Assuming the proposals are implemented, the result will be a significant reduction in the scope of the CSRD, resulting in significant cost savings for many businesses. As a result, and sadly, the availability of data from businesses will be significantly reduced.
In addition, the new proposals miss an opportunity for simplification by not aligning the thresholds of CSRD and CSDDD which will be:
- The CSRD: >1,000 employees (and >€50m revenue or €25m balance sheet total)
- The CSDDD: >1,000 employees (and >€450m revenue).

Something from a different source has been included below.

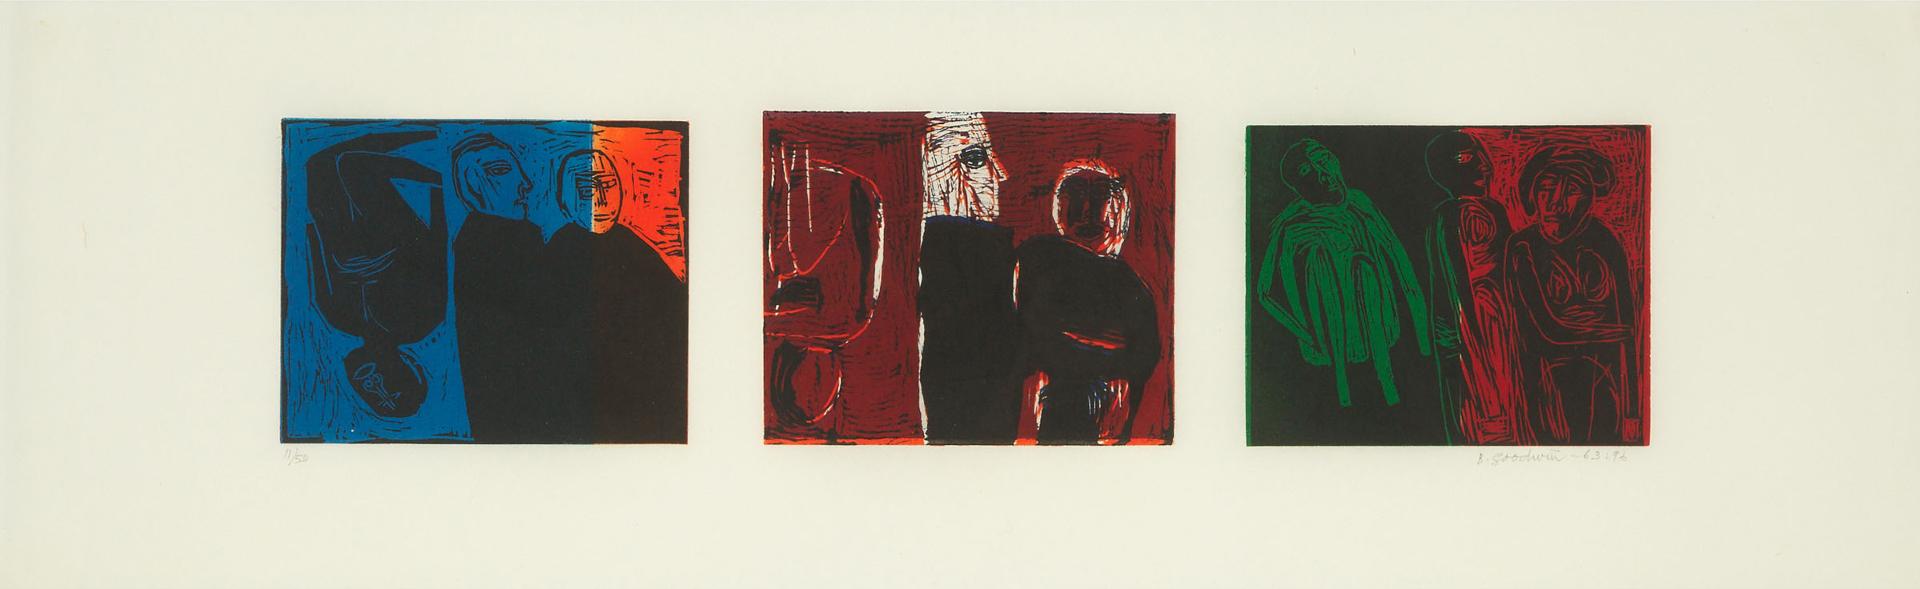 Betty Roodish Goodwin (1923-2008) - 96, 1963, REWORKED 1996 (PRINTED 1998) [ROSEMARIE L. TOVELL, 186]

Regarding the CSDDD there is a general view that the removal of mandatory civil liability being limited to Tier 1 suppliers will significantly reduce its impact.
The next steps:
The next steps are for the EU ESG omnibus proposals to pass to the European Parliament and the Council of the European Union. As EU legislative procedures can take up to 18 months, the Commission has asked for the changes to be fast-tracked. Whilst the next step may result in amendments, it makes sense for businesses likely to be in scope to continue their CSRD preparations. Equally, any organisation believing the proposed changes may remove them from scope should consider carefully the VSME standard developed by EFRAG so there are no surprises.
The proposals represent a significant impact on sustainability and environmental governance and reporting across the EU member states. As such, its potential impacts, both positive and negative, are likely to be felt for many decades to come. As with the planet, there really is only one opportunity to get things right.